I got to write about Akira Kurosawa earlier this week for The Escapist, which was great. However, having rewatched a bunch of his films at the weekend, I had some more in-depth thoughts I wanted to share on them. One in particular. I recorded a podcast on Sanjuro last year, which might also be of interest.

Sanjuro is something of an oddity in the filmography of director Akira Kurosawa.

The film is one of only two sequels in Kurosawa’s filmography, following on from Sanshiro Sugata, Part Two seventeen years earlier. It is also the last of Kurosawa’s black-and-white samurai films. While Kurosawa did make other black-and-white period films, such as his last collaboration with Tushiro Mifune in Red Beard, he would not return to stories of warlords and swordsmen until Kagemusha and Ran in the eighties.

Sanjuro is somewhat underseen among Kurosawa’s black-and-white samurai films, which is interesting. It is the sequel to one of Kurosawa’s most influential films. Yojimbo famously inspired one of the formative spaghetti westerns, A Fistful of Dollars, and so helped to inspire a renaissance in American westerns. It introduced a basic plot that was often emulated, leading to remakes like Last Man Standing. When Sanjuro is discussed, it is often in terms of its striking final scene, in which the eponymous samurai strikes down an opponent, resulting in a geyser of blood.

This is a shame, because there’s a lot of interesting stuff happening in Sanjuro, particularly in relation to the forms and conventions of the samurai genre. Kurosawa’s samurai films are at once archetypal and deconstructive. To a lot of international audiences, films like Rashomon, Seven Samurai and The Hidden Fortress are shorthand for the Japanese samurai films of the fifties. However, they are also surprisingly critical of the idea of the samurai. They draw on the cinematic language of John Ford westerns, but predict the cynicism of Sergio Leone westerns.

This is perhaps no more obvious than in Sanjuro. The film originated as an adaptation of Shūgorō Yamamoto’s short story Peaceful Days. Kurosawa had been working on an adaptation of the story before Yojimbo, but the success of Yojimbo saw the studio approaching Kurosawa to make a sequel. Kurosawa took an interesting approach. He wrote the character of Sanjuro into the story of Peaceful Days, replacing the unskilled-with-a-blade ronin from the source novel. Kurosawa also turned up the humour in the script.

The result is fascinating.
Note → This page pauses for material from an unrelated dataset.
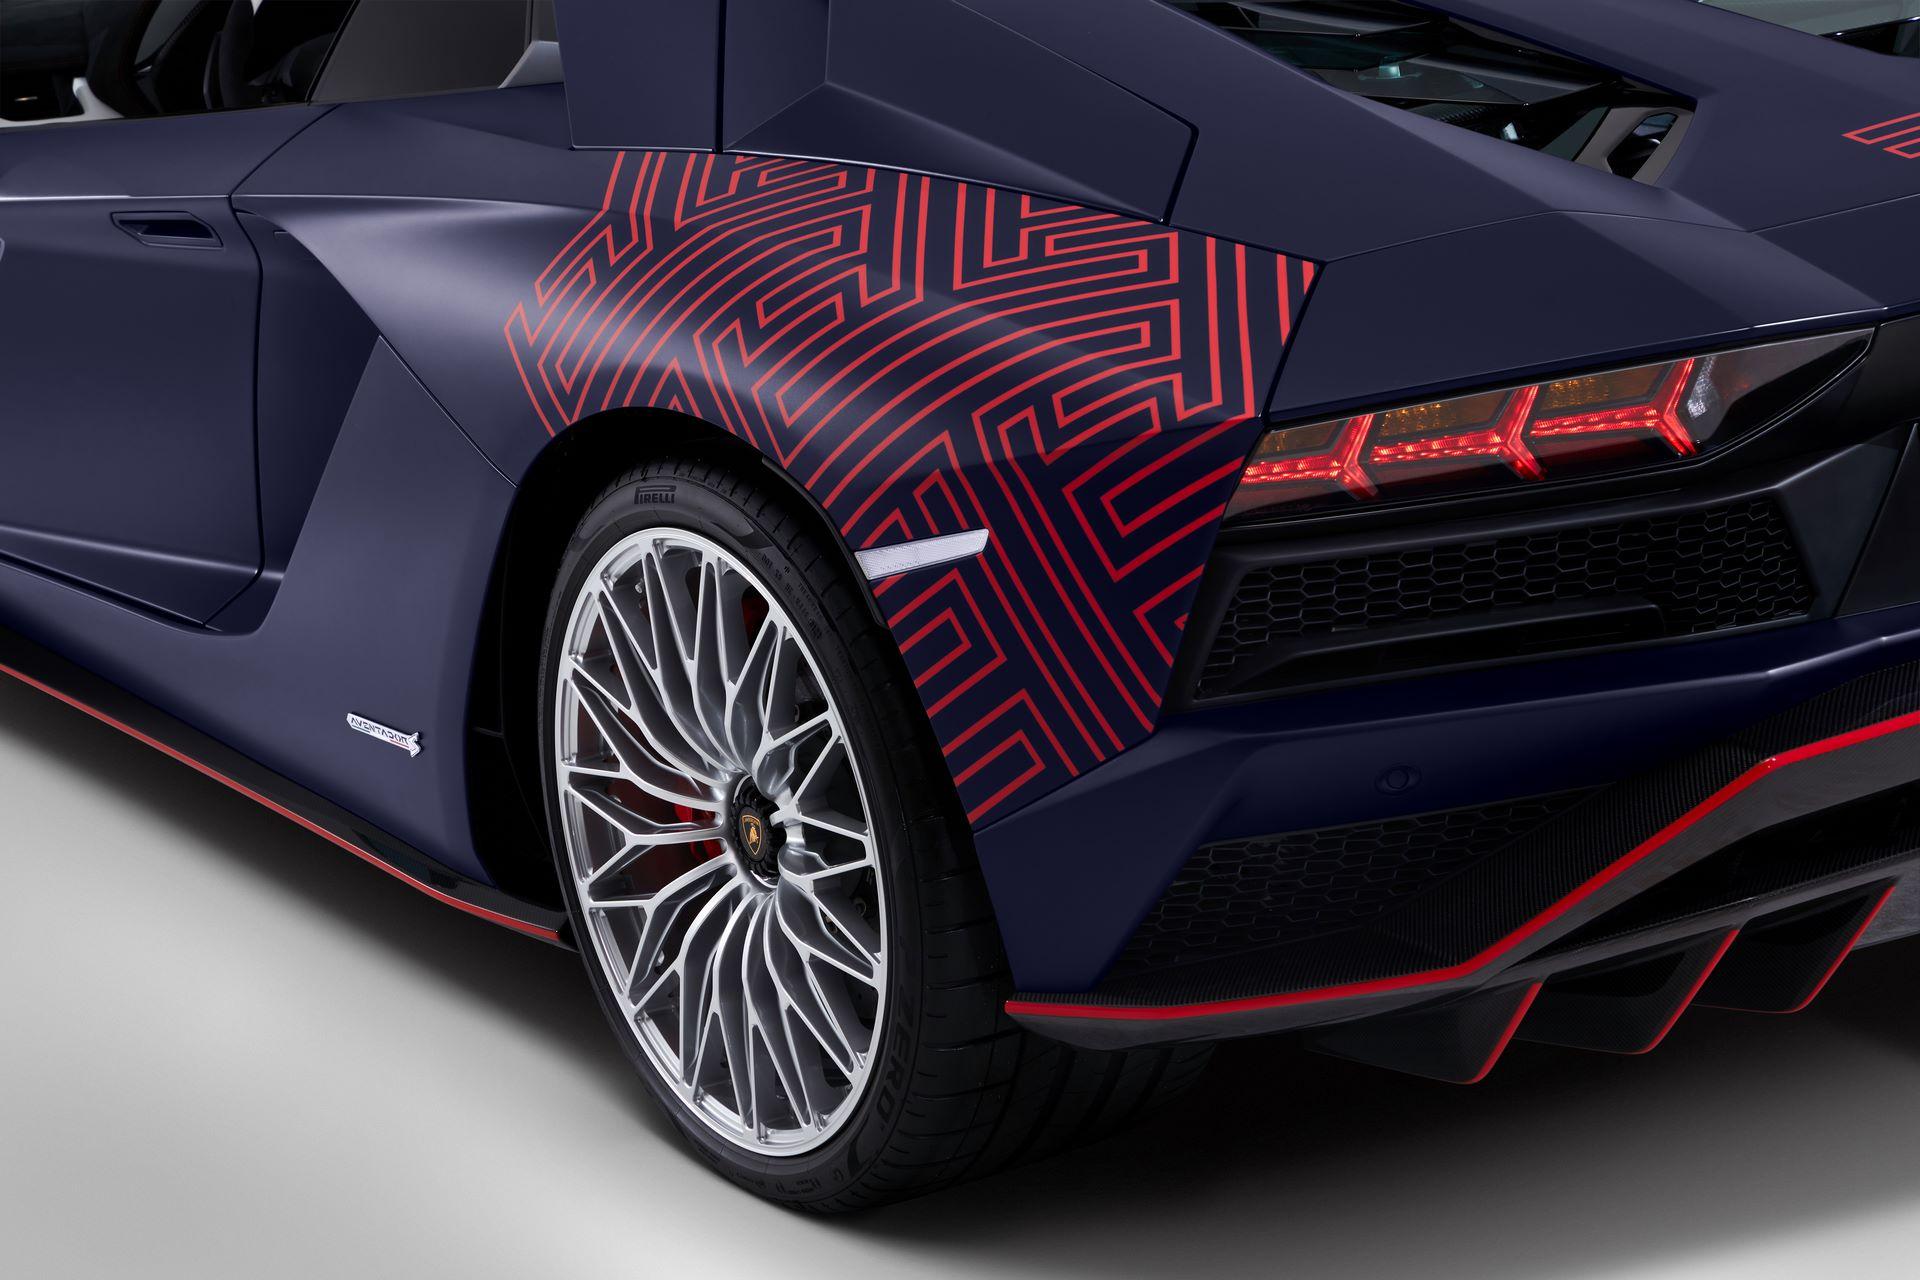 Lamborghini-Aventador-S-Roadster-Korean-Special-Series-12

Watching Sanjuro, it often feels like the title character has wandered into a situation that its protagonists have mistaken for a romantic historical epic: a story of virtue triumphing over corruption. Sanjuro spends a lot of the film openly ridiculing the nine samurai at the centre of the film, picking apart their understanding of how the world works, and generally rolling his eyes at the heightened melodramatic elements of the narrative. Sanjuro is the story of a samurai whose blade is so sharp that it cuts at the narrative that contains him.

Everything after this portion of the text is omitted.